In general, for a table with a moderate number of strings, reading data is faster than writing data, and the compression performance is best. Compression should strive to reduce the size of the data file, the decisive factor affecting its compression efficiency is the data itself. Identifying duplicate strings in a set of data can undo compression. Completely random data is the worst. Traditional data tend to have duplicate values, which are relatively efficient to compress. The string is also often easily compressed, whether it is defined on char, VARCHAR, text, or BLOB columns. On the other hand, some tables contain most of the binary data (integers or floating-point numbers) or previously compressed data (such as JPEG or PNG images), which is often difficult to compress.

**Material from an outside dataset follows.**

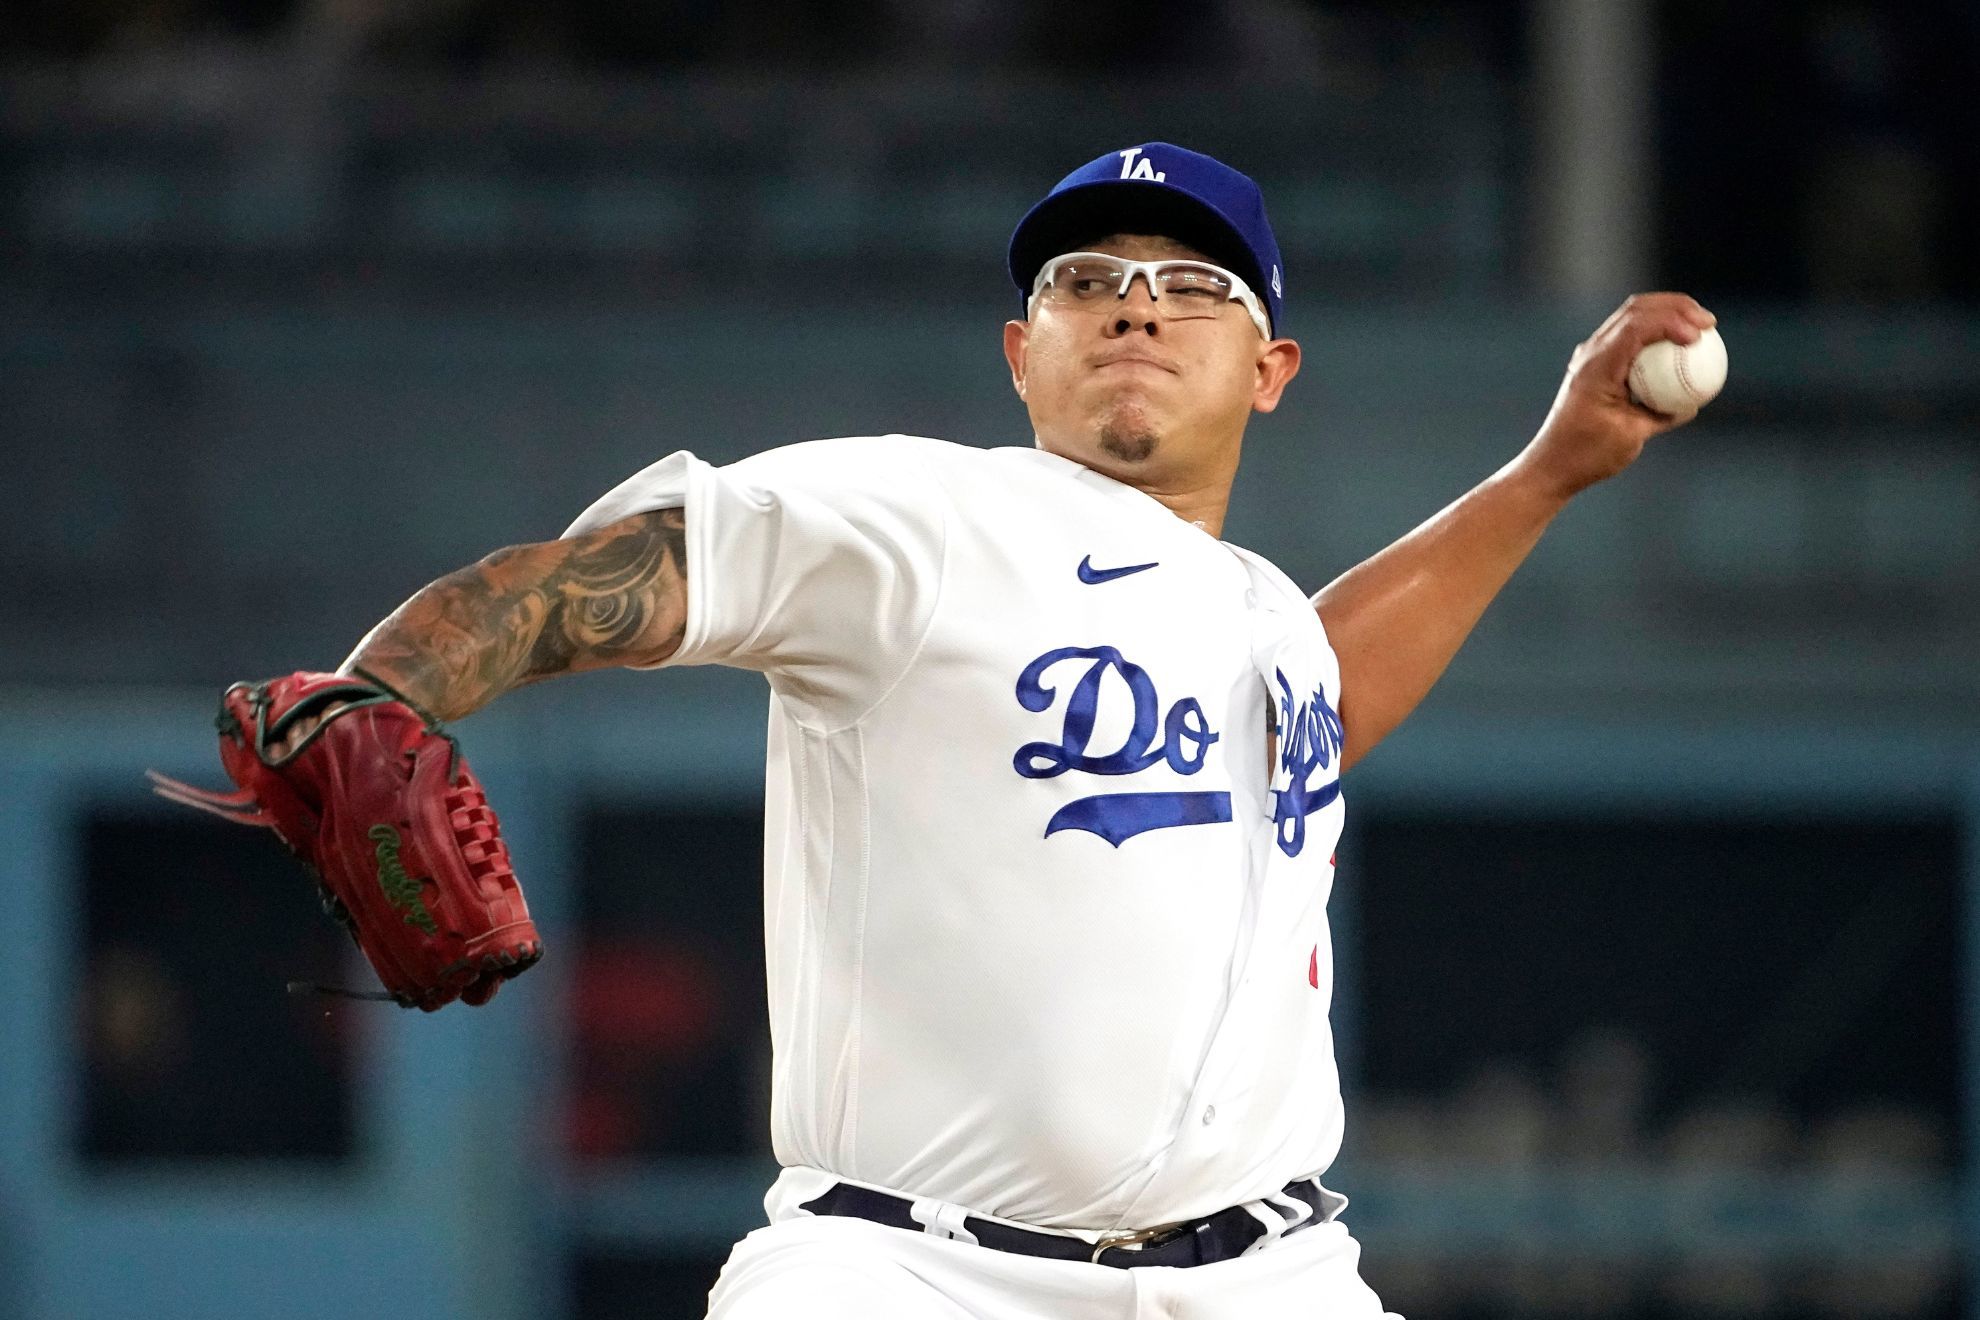 What will happen to Julio Urias after his arrest for domestic violence?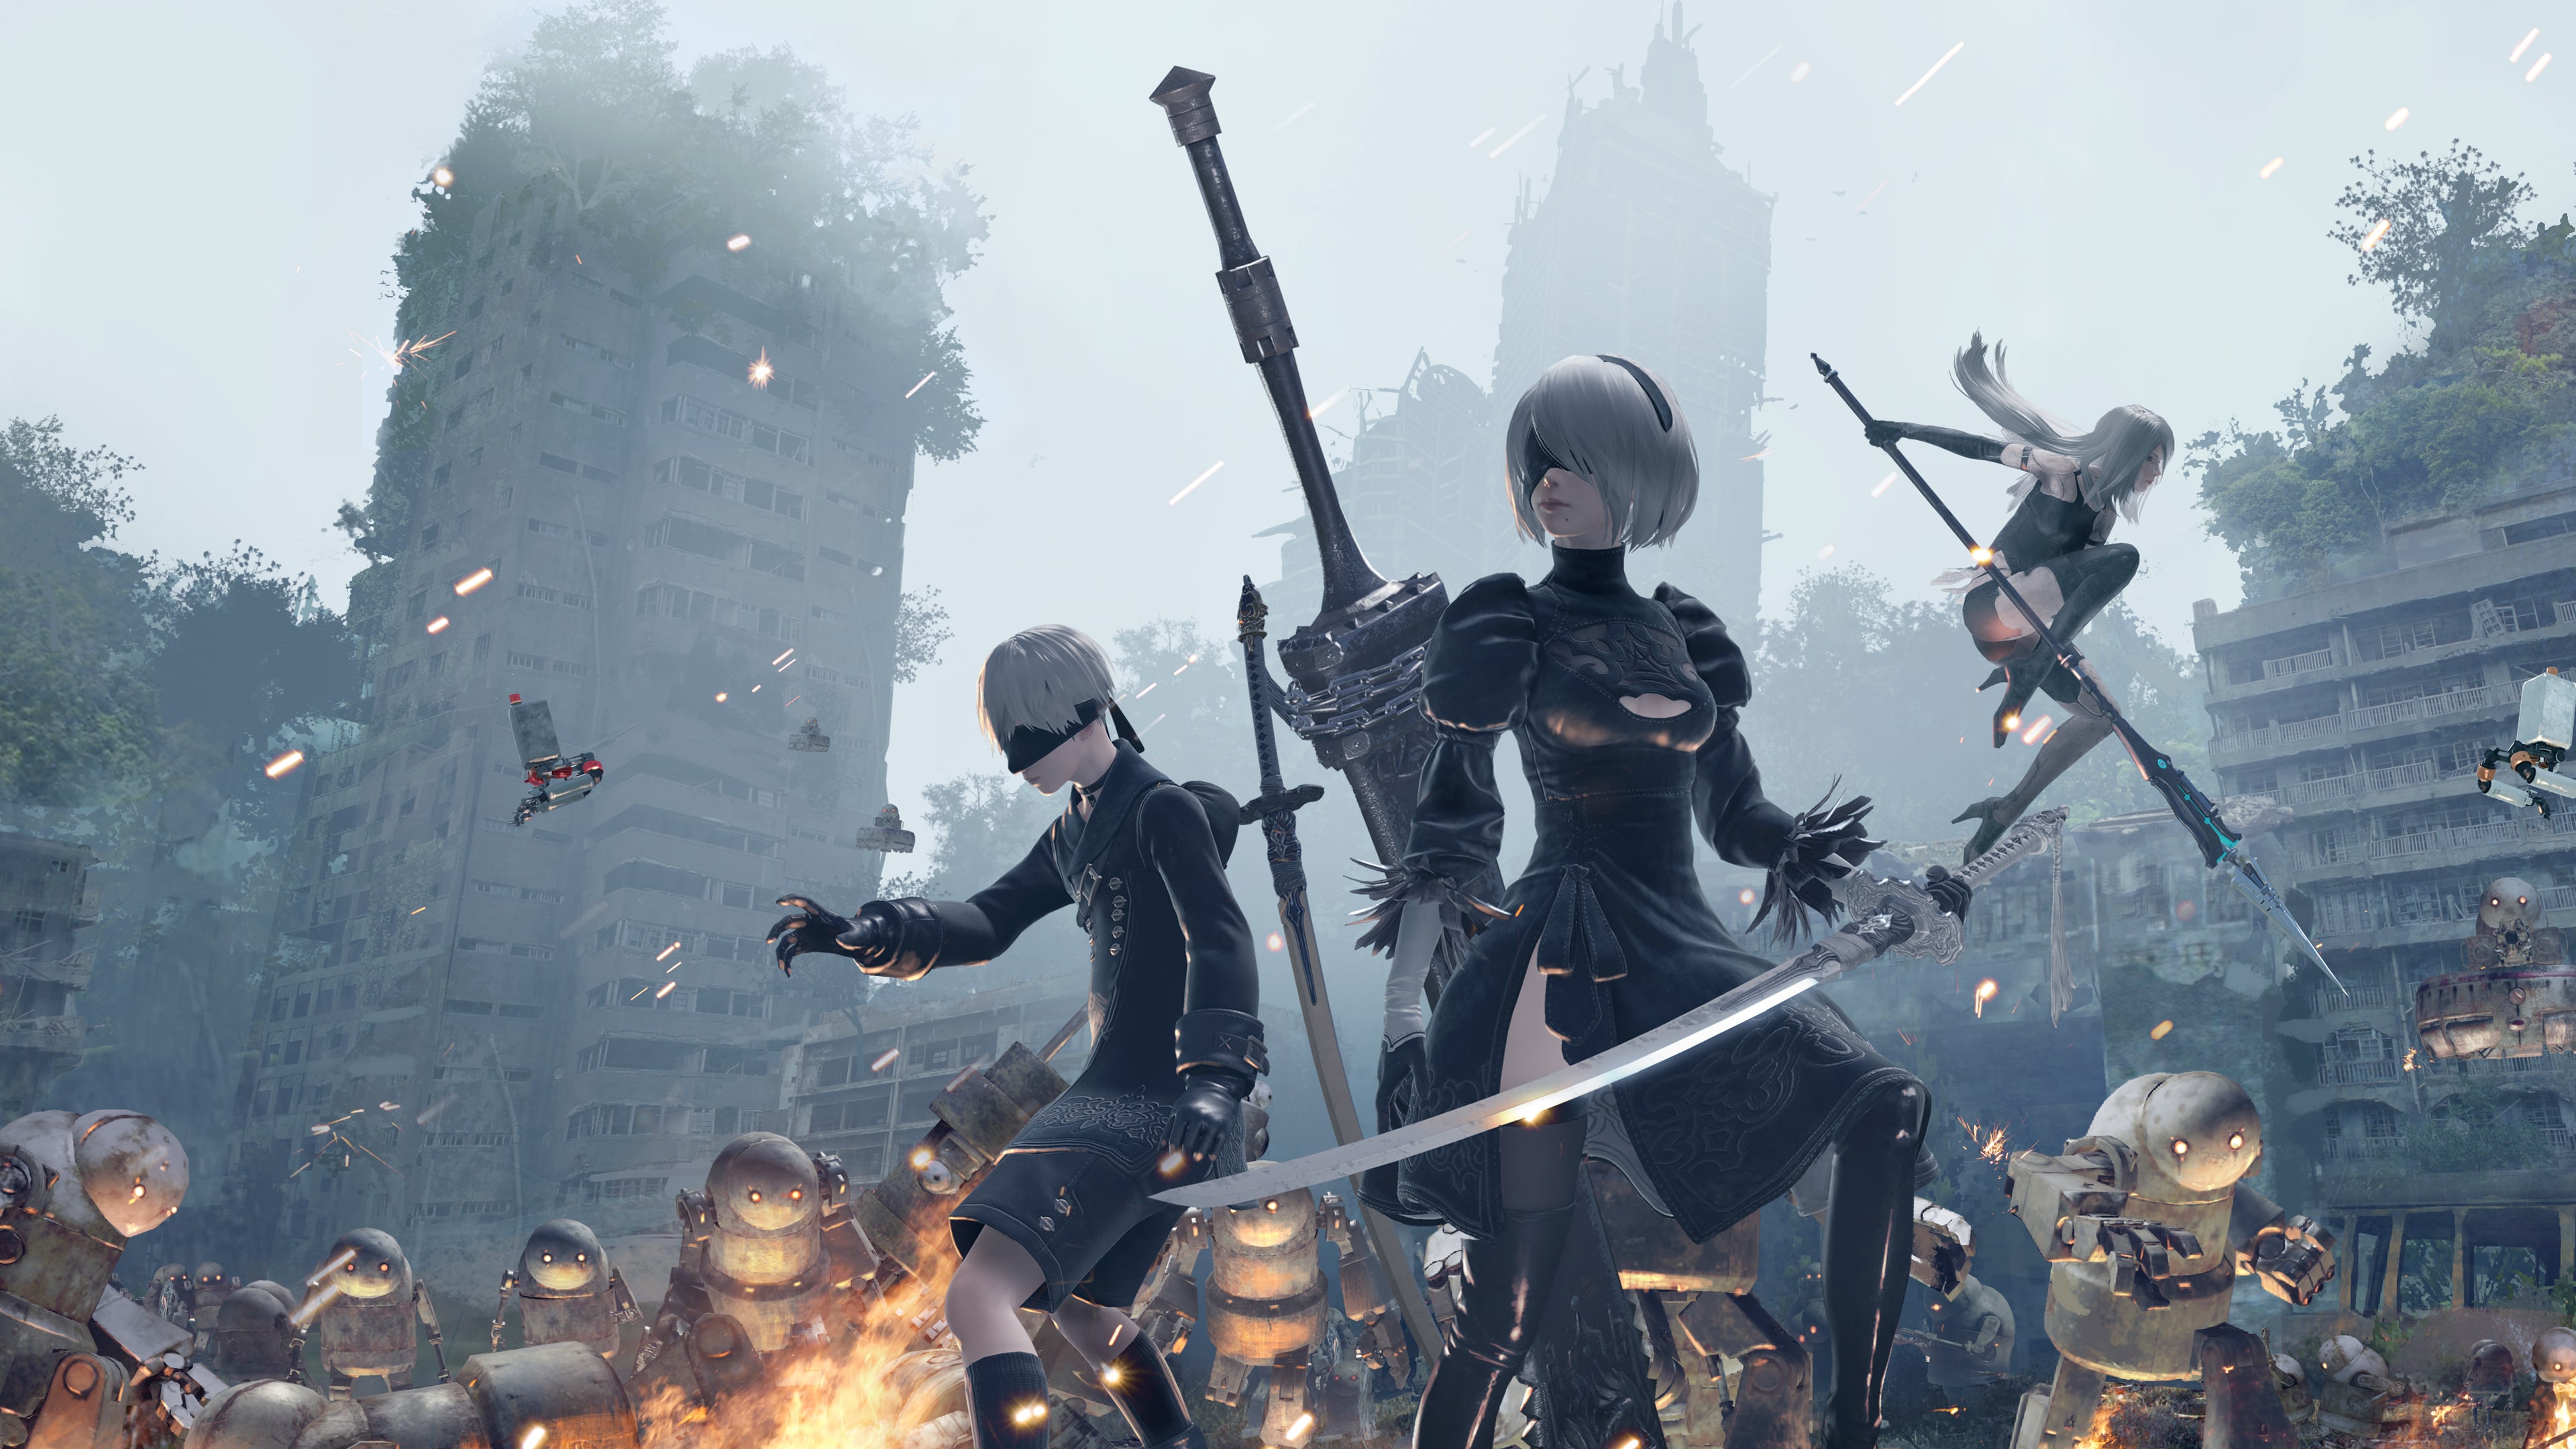 NieR:Automata Game of the YoRHa Edition (中日英韓文版)

In addition to considering which tables to compress (and how the page size is set), the effort is another key factor in performance measurement. InnoDB the modified log is set for compressed data, and if the application reads primarily instead of updating, then only a handful of pages need to be reorganized and re-compressed after the index page occupies the space of "modify log" for each page. The cost of compression is acceptable if the update primarily changes non-indexed columns or contains columns that happen to be stored as "off-page" blobs and large strings. If the only change in the table is a inserts statement that uses a single incrementing primary key and does not have too many nonclustered indexes, then there is no need to reorganize or re-compress the index pages. Because InnoDB is able to "replace" the uncompressed data by compressing the page "Mark Delete" and deleting the record, it is relatively valid to delete operations in the table.

For some environments, the time it takes to load data is as significant as the time required to run the retrieval. Especially in a data warehouse environment, many tables have properties that are read-only or read-oriented. In this case, the cost of compression is unacceptable from an increased load-time perspective, unless the savings are significant in less disk reads or storage costs.

Basically, when CPU time can be used to compress and decompress data, the compression effect is the best. Therefore, if the workload is caused by I/O, rather than by the CPU, compression can improve overall performance. Therefore, when testing an application with a different compression configuration, you should test it on a platform similar to the product system planning configuration.

Compression process

When a compressed storage page is used, it is decompressed when the buffer pool is loaded. At this point, the page has both "compressed" and "unzipped" in buffer pool. When buffer pool needs to evict these pages, there are two things that happen: if InnoDB thinks the current application is io-bound, compared to the CPU has the additional ability to do the decompression operation, then InnoDB choose to evict only the "decompression version" of the page Otherwise, InnoDB will evict the two versions of the page. That is, the buffer pool will be the state:

InnoDB Data Sheet compression principle and limitations

Contact Us

The content source of this page is from Internet, which doesn't represent Alibaba Cloud's opinion; products and services mentioned on that page don't have any relationship with Alibaba Cloud. If the content of the page makes you feel confusing, please write us an email, we will handle the problem within 5 days after receiving your email.

If you find any instances of plagiarism from the community, please send an email to: info-contact@alibabacloud.com and provide relevant evidence. A staff member will contact you within 5 working days.

A Free Trial That Lets You Build Big!

Start building with 50+ products and up to 12 months usage for Elastic Compute Service

  • Sales Support

    1 on 1 presale consultation

  • After-Sales Support

    24/7 Technical Support 6 Free Tickets per Quarter Faster Response

  • Alibaba Cloud offers highly flexible support services tailored to meet your exact needs.